## [Prompt]
Retype each entry below precisely as it reads.

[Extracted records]
□ □ □ □
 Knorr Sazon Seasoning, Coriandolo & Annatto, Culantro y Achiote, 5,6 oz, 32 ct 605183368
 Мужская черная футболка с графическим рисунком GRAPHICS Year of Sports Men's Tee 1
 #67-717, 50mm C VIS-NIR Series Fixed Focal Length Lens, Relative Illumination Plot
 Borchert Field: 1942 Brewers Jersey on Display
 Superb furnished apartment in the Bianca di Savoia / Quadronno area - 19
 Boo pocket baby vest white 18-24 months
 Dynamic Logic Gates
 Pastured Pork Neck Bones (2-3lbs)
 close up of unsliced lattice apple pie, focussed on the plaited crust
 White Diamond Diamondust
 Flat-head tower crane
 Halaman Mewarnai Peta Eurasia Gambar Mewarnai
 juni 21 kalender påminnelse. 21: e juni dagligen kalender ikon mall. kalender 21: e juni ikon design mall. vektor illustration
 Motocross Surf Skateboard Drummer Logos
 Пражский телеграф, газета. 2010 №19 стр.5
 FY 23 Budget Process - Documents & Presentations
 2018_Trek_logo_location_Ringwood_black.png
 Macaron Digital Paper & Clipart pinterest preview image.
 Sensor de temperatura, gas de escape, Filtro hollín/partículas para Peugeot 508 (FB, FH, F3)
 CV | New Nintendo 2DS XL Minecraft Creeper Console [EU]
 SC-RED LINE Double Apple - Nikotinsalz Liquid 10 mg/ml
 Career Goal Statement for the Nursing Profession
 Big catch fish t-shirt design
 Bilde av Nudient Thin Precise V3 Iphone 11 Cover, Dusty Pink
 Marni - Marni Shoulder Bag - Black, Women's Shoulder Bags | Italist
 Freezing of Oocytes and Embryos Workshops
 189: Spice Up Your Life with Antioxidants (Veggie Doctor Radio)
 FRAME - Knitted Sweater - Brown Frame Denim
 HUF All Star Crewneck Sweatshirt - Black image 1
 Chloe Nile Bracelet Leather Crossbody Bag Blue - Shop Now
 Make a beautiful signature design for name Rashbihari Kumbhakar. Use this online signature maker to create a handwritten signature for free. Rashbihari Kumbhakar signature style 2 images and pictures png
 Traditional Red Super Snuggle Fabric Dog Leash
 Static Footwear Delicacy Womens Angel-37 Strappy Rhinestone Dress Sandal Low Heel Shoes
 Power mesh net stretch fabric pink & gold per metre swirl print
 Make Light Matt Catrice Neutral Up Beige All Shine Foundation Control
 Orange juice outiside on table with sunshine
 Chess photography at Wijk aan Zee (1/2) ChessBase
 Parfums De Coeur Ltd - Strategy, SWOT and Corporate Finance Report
□ □ □ □
## [Exercise output]
 Knorr Sazon Seasoning, Coriandolo & Annatto, Culantro y Achiote, 5,6 oz, 32 ct 605183368
 Мужская черная футболка с графическим рисунком GRAPHICS Year of Sports Men's Tee 1
 #67-717, 50mm C VIS-NIR Series Fixed Focal Length Lens, Relative Illumination Plot
 Borchert Field: 1942 Brewers Jersey on Display
 Superb furnished apartment in the Bianca di Savoia / Quadronno area - 19
 Boo pocket baby vest white 18-24 months
 Dynamic Logic Gates
 Pastured Pork Neck Bones (2-3lbs)
 close up of unsliced lattice apple pie, focussed on the plaited crust
 White Diamond Diamondust
 Flat-head tower crane
 Halaman Mewarnai Peta Eurasia Gambar Mewarnai
 juni 21 kalender påminnelse. 21: e juni dagligen kalender ikon mall. kalender 21: e juni ikon design mall. vektor illustration
 Motocross Surf Skateboard Drummer Logos
 Пражский телеграф, газета. 2010 №19 стр.5
 FY 23 Budget Process - Documents & Presentations
 2018_Trek_logo_location_Ringwood_black.png
 Macaron Digital Paper & Clipart pinterest preview image.
 Sensor de temperatura, gas de escape, Filtro hollín/partículas para Peugeot 508 (FB, FH, F3)
 CV | New Nintendo 2DS XL Minecraft Creeper Console [EU]
 SC-RED LINE Double Apple - Nikotinsalz Liquid 10 mg/ml
 Career Goal Statement for the Nursing Profession
 Big catch fish t-shirt design
 Bilde av Nudient Thin Precise V3 Iphone 11 Cover, Dusty Pink
 Marni - Marni Shoulder Bag - Black, Women's Shoulder Bags | Italist
 Freezing of Oocytes and Embryos Workshops
 189: Spice Up Your Life with Antioxidants (Veggie Doctor Radio)
 FRAME - Knitted Sweater - Brown Frame Denim
 HUF All Star Crewneck Sweatshirt - Black image 1
 Chloe Nile Bracelet Leather Crossbody Bag Blue - Shop Now
 Make a beautiful signature design for name Rashbihari Kumbhakar. Use this online signature maker to create a handwritten signature for free. Rashbihari Kumbhakar signature style 2 images and pictures png
 Traditional Red Super Snuggle Fabric Dog Leash
 Static Footwear Delicacy Womens Angel-37 Strappy Rhinestone Dress Sandal Low Heel Shoes
 Power mesh net stretch fabric pink & gold per metre swirl print
 Make Light Matt Catrice Neutral Up Beige All Shine Foundation Control
 Orange juice outiside on table with sunshine
 Chess photography at Wijk aan Zee (1/2) ChessBase
 Parfums De Coeur Ltd - Strategy, SWOT and Corporate Finance Report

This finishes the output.